# any one here knows Cuckoo Maran chickens?



## spidy1 (Jan 9, 2014)

my buff orpington mix hen hatched a cuckoo maran/rhode island red cross chick, im trying to tell if its a girl or boy, from everything I am reading online its a girl, bc/ marans have larger combs exc, if it was purebred RR I would say cock, this is the only chick hatched so I have nothing to compare to, it is 3-4 +- months, caries its self just like the RRs, very shy/submissive with all other chickens, wont leave "mom". pics, 1 with "mom", 1 with dad, 1 with real mom.


----------



## spidy1 (Jan 9, 2014)

looked... er... found my calendar the chick was hatched right around July 28th so makes it around 2 months


----------



## Goat_Scout (Mar 23, 2017)

I love Cuckoo Marans! They lay beautiful eggs. 

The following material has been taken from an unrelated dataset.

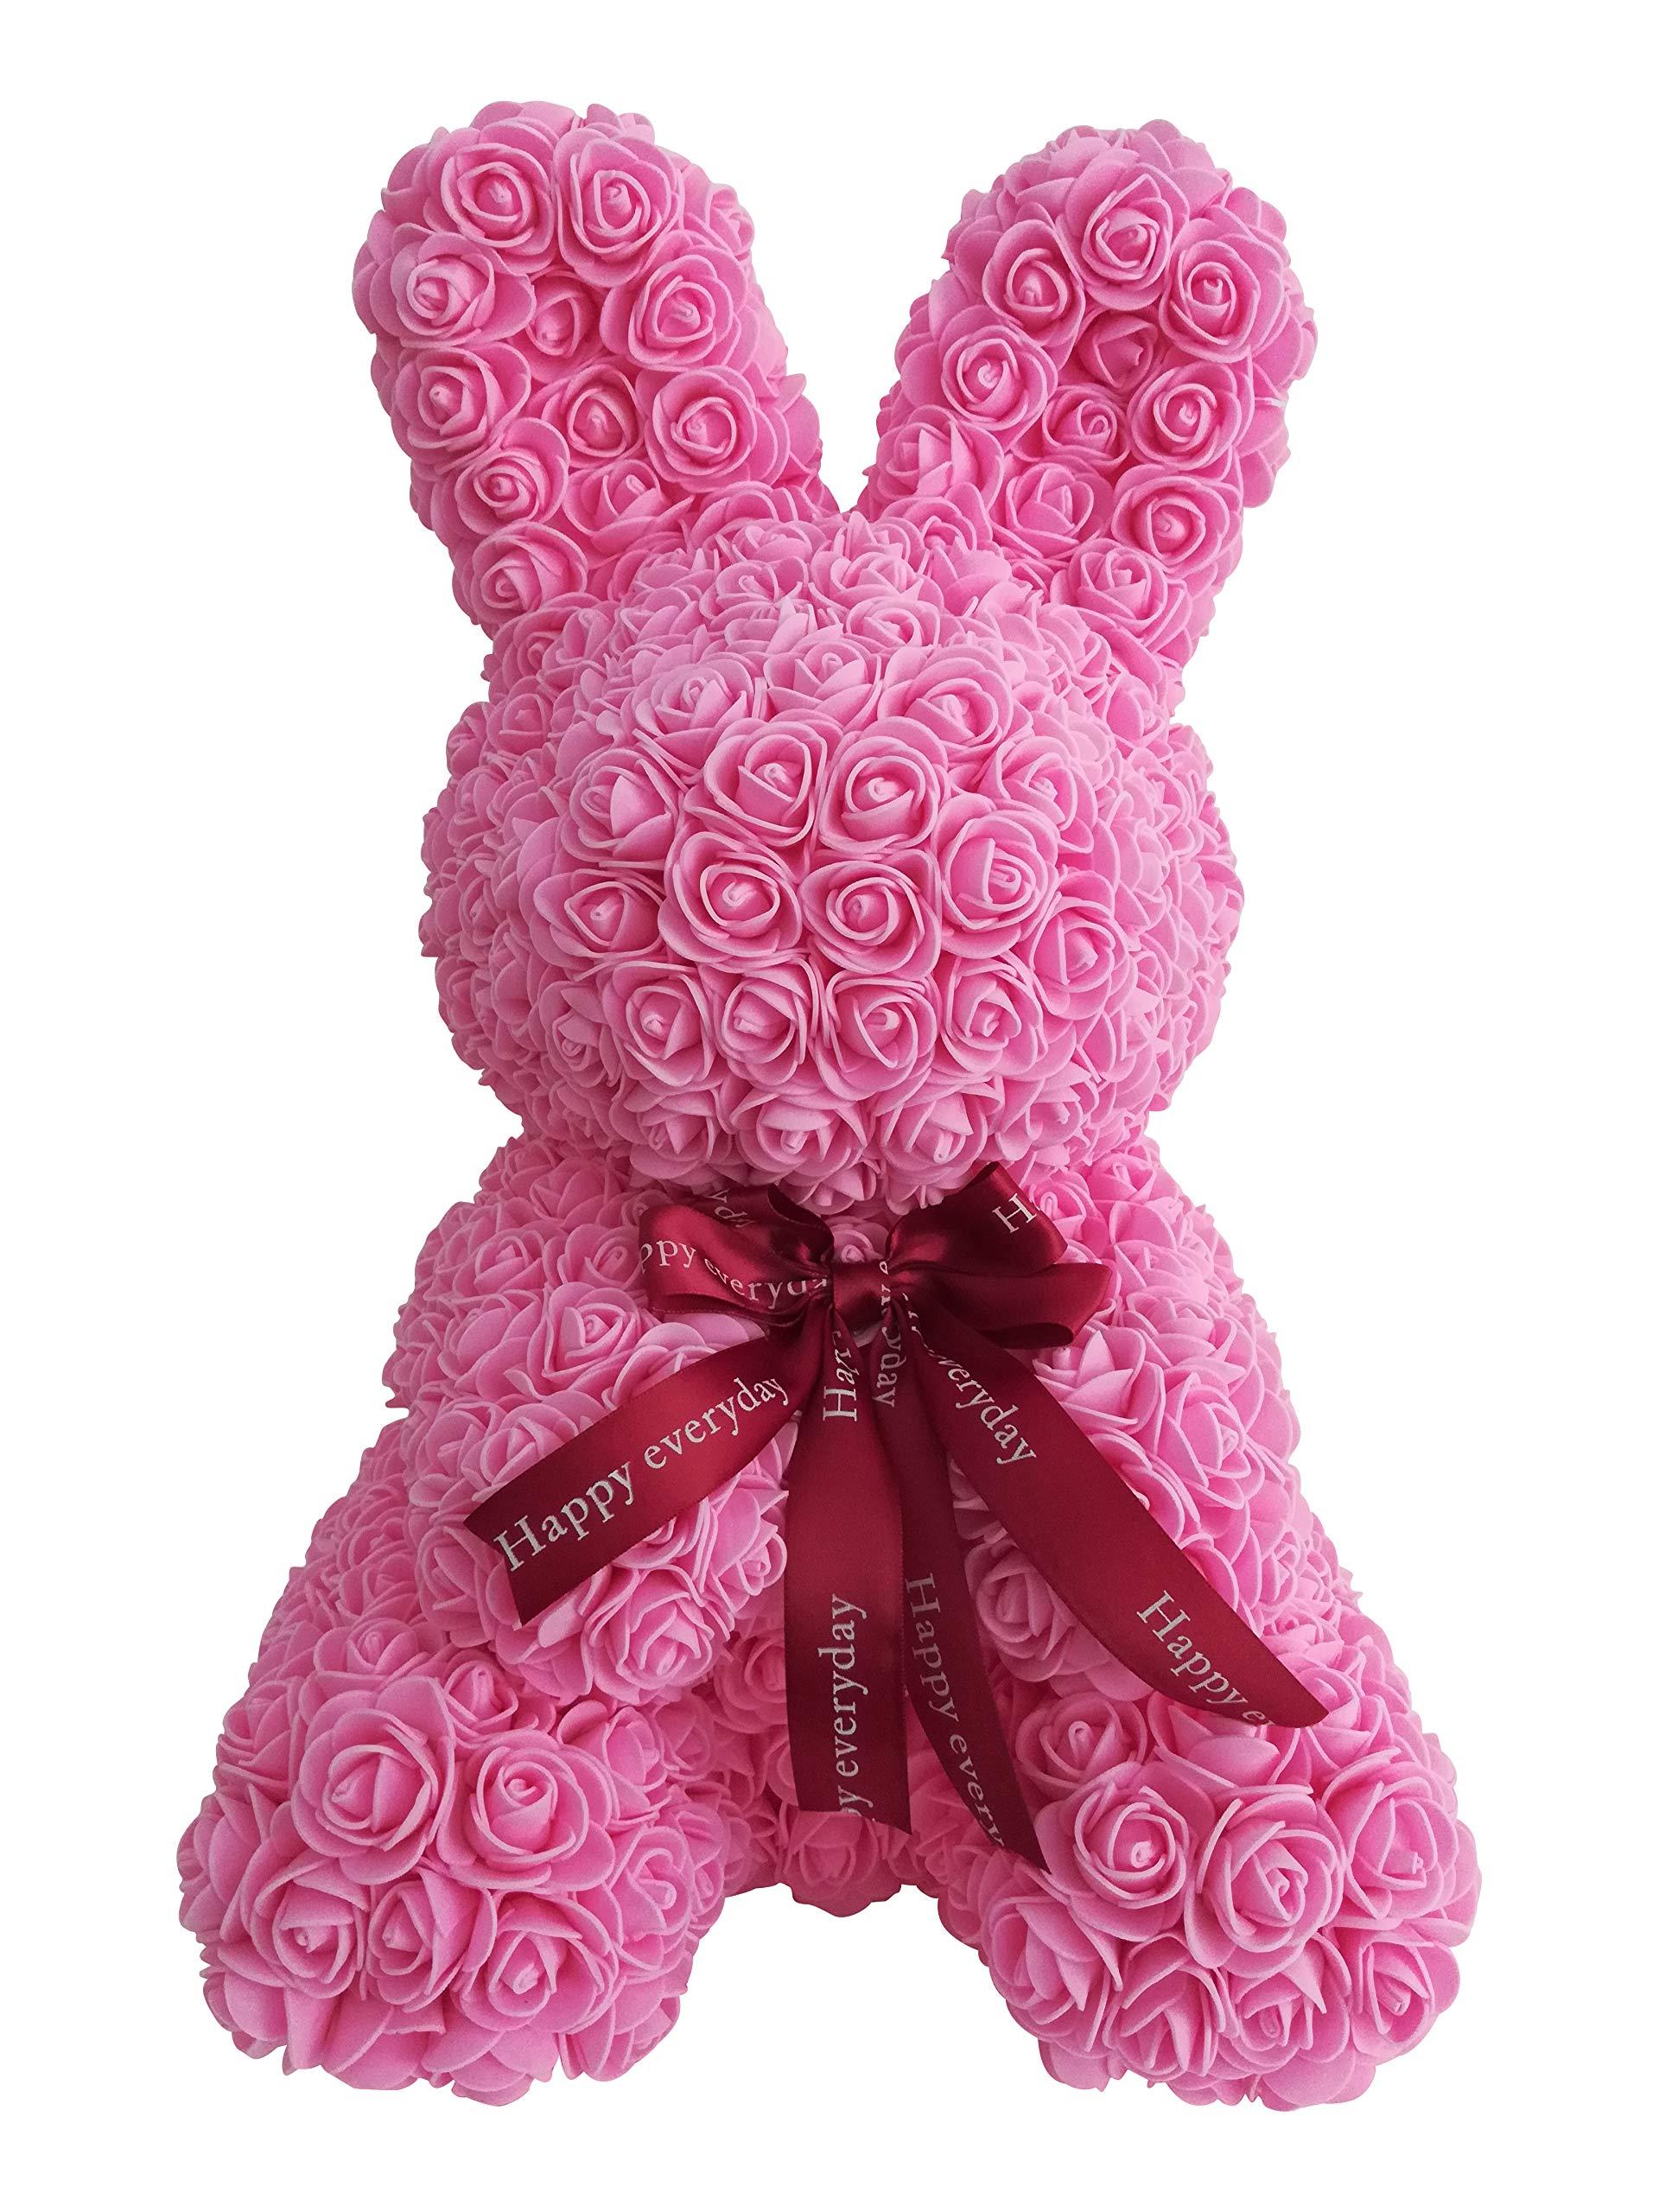 silk flower arrangements tigerlee 45cm rabbit rose artificial rose forever rose everlasting flower for window display, anniversary christmas valentines easter gift by longshow (pink)

I can’t see his/her sickle or hackle feathers very well in the photos, but judging by his/her comb, I’m guessing cockerel.


----------



## Old Post Farm (Nov 15, 2017)

i agree


----------



## spidy1 (Jan 9, 2014)

its hackle... there are new feathers coming in on its neck that are more tanish than gray bared, they are usly smooth down but it DOES NOT like being handled, I dont want another rooster


----------



## SalteyLove (Jun 18, 2011)

So did you hear a crow yet?

In my area, your red hens would be called Production Reds, not Rhode Island Reds. I'm not sure if that makes any difference to your gender determination. True Rhode Island Reds are a much deeper red color and certainly not defferent to other birds.


----------



## spidy1 (Jan 9, 2014)

no crow yet, I have 2 RR and 1 production red, the RRs are picking each other so you can see the lighter under coat, production reds have 1-3 white tipped feathers in there tail, Roadys have black...


----------



## Old Post Farm (Nov 15, 2017)

cool hope she starts laying for you


----------



## spidy1 (Jan 9, 2014)

when is the oldest they start to crow?
EDT: the RR in the first pic is the mother before the picking.


----------



## Old Post Farm (Nov 15, 2017)

well i have a roo hatched in april that just started crowing end of september just six months old so i would say that is probably the oldest, but also they usually start crowing once they get their big rooster feathers.


----------



## Old Post Farm (Nov 15, 2017)

does your maran have any rooster feathering?


----------



## spidy1 (Jan 9, 2014)

well, not realy... it is the dark one by the Buff mix (hiding from it's dad) Big Boy picks on it but Buff protects it


----------



## Old Post Farm (Nov 15, 2017)

i would say pullet if it isn't crowing and no rooster like feathers


----------



## spidy1 (Jan 9, 2014)

I am about 99% sure "Young Gun" is a girl...she is about the same size as her birth mom, and doesn't have any rooster feathers!


----------



## MadCatX (Jan 16, 2018)

Those reds look like new hampshires. I have those and Bantams, and some leghorns too.


----------



## Einhorn (Jan 2, 2014)

The only part that worries me is the rooster picking on young gun. I assume, -perhaps incorrectly- that chickens know what sex their comrades are!


----------



## spidy1 (Jan 9, 2014)

I know right


----------



## spidy1 (Jan 9, 2014)

Young Gun is a GIRL!!!!!!!!!!!!!!!!!!!! I got a tiny egg!!!!:run:


----------